The research team trained Merlin on a comprehensive dataset of patient CT scans linked to radiology reports and medical diagnosis codes obtained from the Stanford University School of Medicine. This collection is noted as the largest of its kind focused on abdominal CT data to date.
“Rich datasets like this are necessary to push the limits of what artificial intelligence models can accomplish in medicine. This work exemplifies how meticulously crafted training data can enable remarkable insights that significantly streamline workflows and assist in clinical decision-making,”
Bruce Tromberg, Ph.D., Director of NIH’s National Institute of Biomedical Imaging and Bioengineering (NIBIB)
CT scans are commonly utilized early in the diagnostic process, necessitating interpretation by radiologists, a procedure that can be both lengthy and complicated, especially considering the ongoing shortage of physicians in the United States. The introduction of Merlin could simplify this process by allowing a more direct transition from imaging to potential diagnosis. Co-first author Louis Blankemeier, Ph.D., who conducted this study as a graduate student at Stanford, emphasized this capability.

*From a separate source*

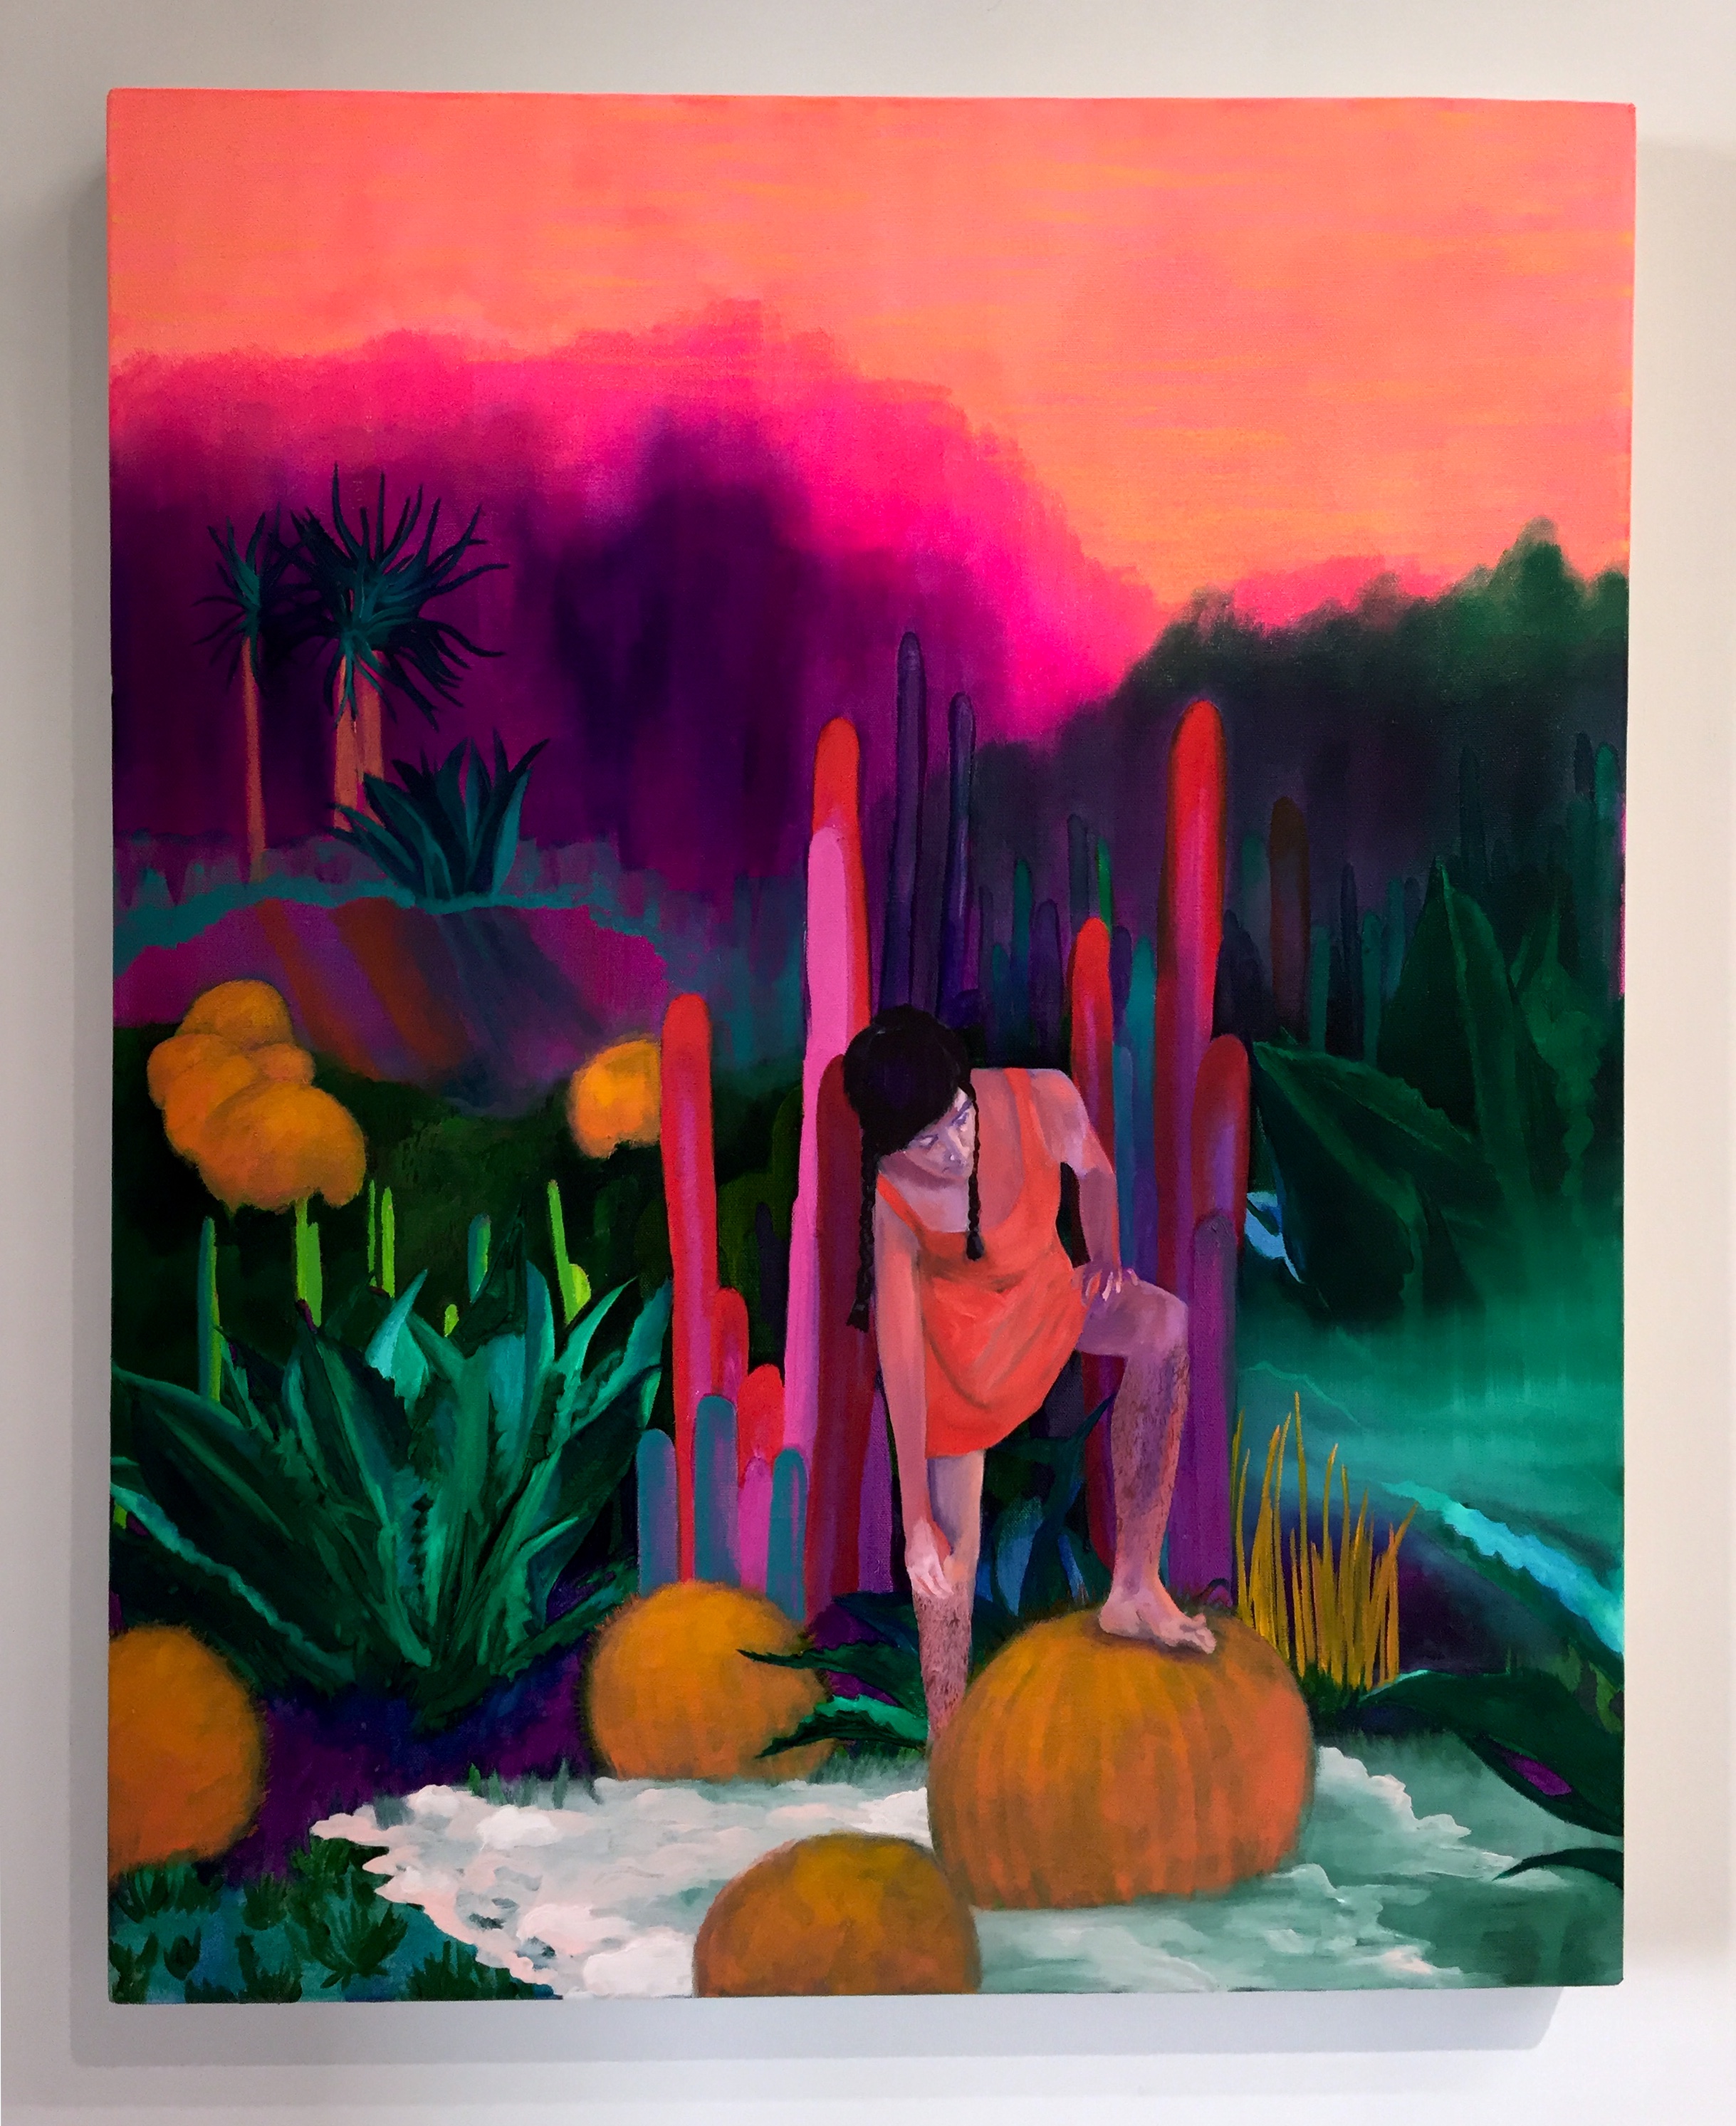   Cream , 2018, oil on canvas, 40 x30”

Merlin is categorized as a foundation model, trained on large-scale, unlabeled datasets that encompass diverse types of information. In the latest study, researchers evaluated Merlin across six broad categories of tasks, encompassing over 750 individual activities related to diagnostics, prognostics, and quality assessment.
To prepare Merlin for its extensive range of tasks, the team initially trained the model using their clinical data trove, which included more than 15,000 3D abdominal CT scans linked with radiology reports and nearly one million diagnostic codes. This foundational knowledge allowed Merlin to learn the connections between visual data and corresponding textual information.
Subsequently, the researchers tested Merlin on more than 50,000 CT scans from various hospitals to assess its ability to replicate human-generated conclusions. “Merlin tackled some tasks, such as predicting diagnosis codes, head-on, while other more complicated tasks, such as drafting radiology reports from scratch or identifying and outlining organs in a 3D space, called for additional training,” said co-first author Ashwin Kumar, also a graduate student at Stanford.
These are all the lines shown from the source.